In 2021, I’ve been starting to work on a new product called Motion. The way that began is that we’ve been talking about creative and the importance of storytelling in advertising years ago. The last time you and I spoke we were talking about this idea of using advertising as a way to as a storytelling format instead of plastering people with the same ads over and over again. How do we create a narrative? How do we create a story so those experiences are a lot more engaging? The topic of creative has been on my mind when it comes to paid advertising for many years now.

One of the things that we started to realize as creative started to become more and more important. The reasons for that many of your readers will already know. To recap, as the Facebook algorithm got more sophisticated when it comes to targeting as the platform became more and more crowded, and more advertisers were fighting for limited space in the news feeds. The attention of consumers was being fought over. As all of these things started to happen, creative started to bubble up as one of the most important elements in paid advertising that many people know about. The question is, “What do you do about it? What happens now that creative is something critical as part of the performance marketing strategy? What needs to happen? What changes in terms of the workflow?”

We started to talk to dozens of teams to ask them, “What are you doing right now?” “What’s your biggest pain point when it comes to creative?” One of the things we learned pretty quickly was that there were many challenges around creative the teams were having but from pretty much every team that we spoke to creative was a top-three priority. There were a host of challenges that they were having. The most central one was this challenge around, “What is working and why? How do we know what creative is working? How do we know what creative is not working?” There’s so much data to process and reports to create that the teams are having a big challenge around figuring out what’s working.

Also, there were a lot of challenges around taking those learnings, beating them over to the creative team, and having the creative team come up with new concepts that are based on learnings and not based on everyone’s great ideas. How do we create that iterative feedback loop so we learn what’s working on the paid media side and take those learnings and incorporate them into the creative? Those challenges were there.

There were also challenges for a lot of people around, “I don’t have a great creative process yet. I don’t know how to set up a good system to produce creative in the first place. Where do I begin? Am I hiring photographers? Do I need to become a director? Do I work with influencers?” There were a lot of challenges people are having around how to create high-quality performance creative on a budget that works is a big challenge for folks. I’ve been delving into this problem for quite a bit. We built a new product called Motion, which helps teams around this and helps them figure out what’s working. That’s what I’ve been focused on for the last little bit.

Motion sounds interesting. I’ve been on the website and my takeaway from it from a top-level standpoint is more around refining the creative development process. I like a thesis in regards to ensuring that there’s this feedback loop. Speed is important in creative development. My question, throwing this in is, do you not get the data in Facebook Ads Manager? Why the need for a tool, for another stack in your media buying tech stuff? There are so many other tools out there? Why should we use a tool to manage the creative development process?

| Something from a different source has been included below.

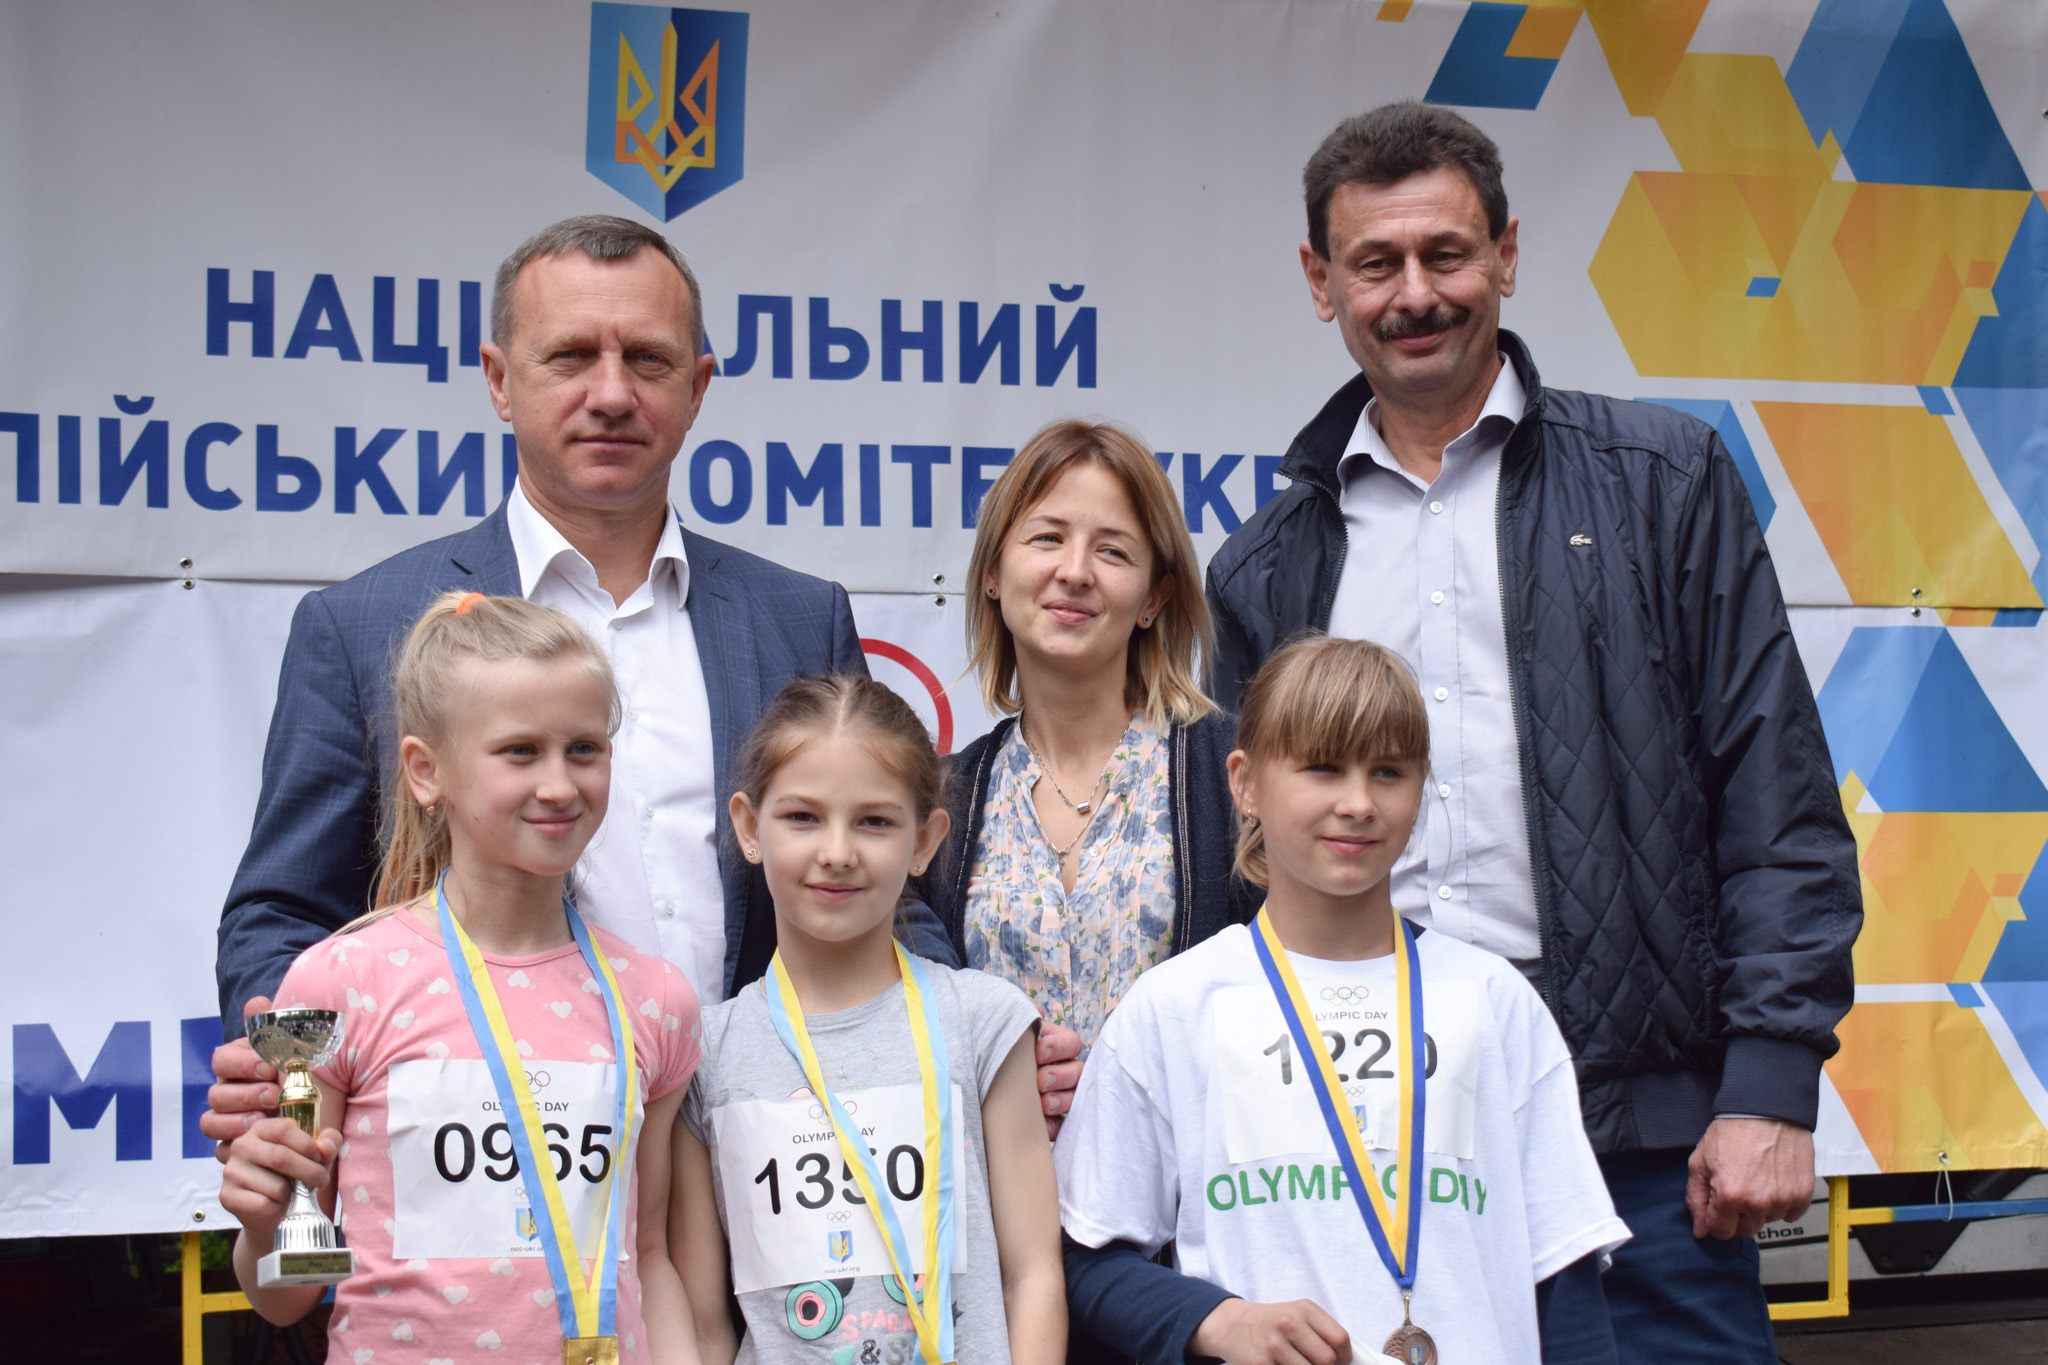 Всеукраїнський Олімпійський день провели сьогодні в Ужгороді у Боздоському парку

One of the things from your readers is there might be many who have gone through this process where basically at the beginning of this problem, you’re like, “Creative is important. I need to get my act together. I need to produce more creatives.” You’re figuring out that problem. Once you get that problem solved, you start to scale that process and you have a lot of creative running, you might have an ad account with 100 or 150 pieces of creative running in.

When you get to that level, many people arrive at a point where they’re realizing that they’re when they’re looking at the Facebook Ads Manager platform and trying to figure out, “How do I compare images against videos against carousels?” I might have the same ad that I’ve created but I’m running it into a bunch of different audiences. I have my lookalike audience, my broad audience. You might have the same piece of creative and several different places. You might want to aggregate that to see how it’s doing across the board.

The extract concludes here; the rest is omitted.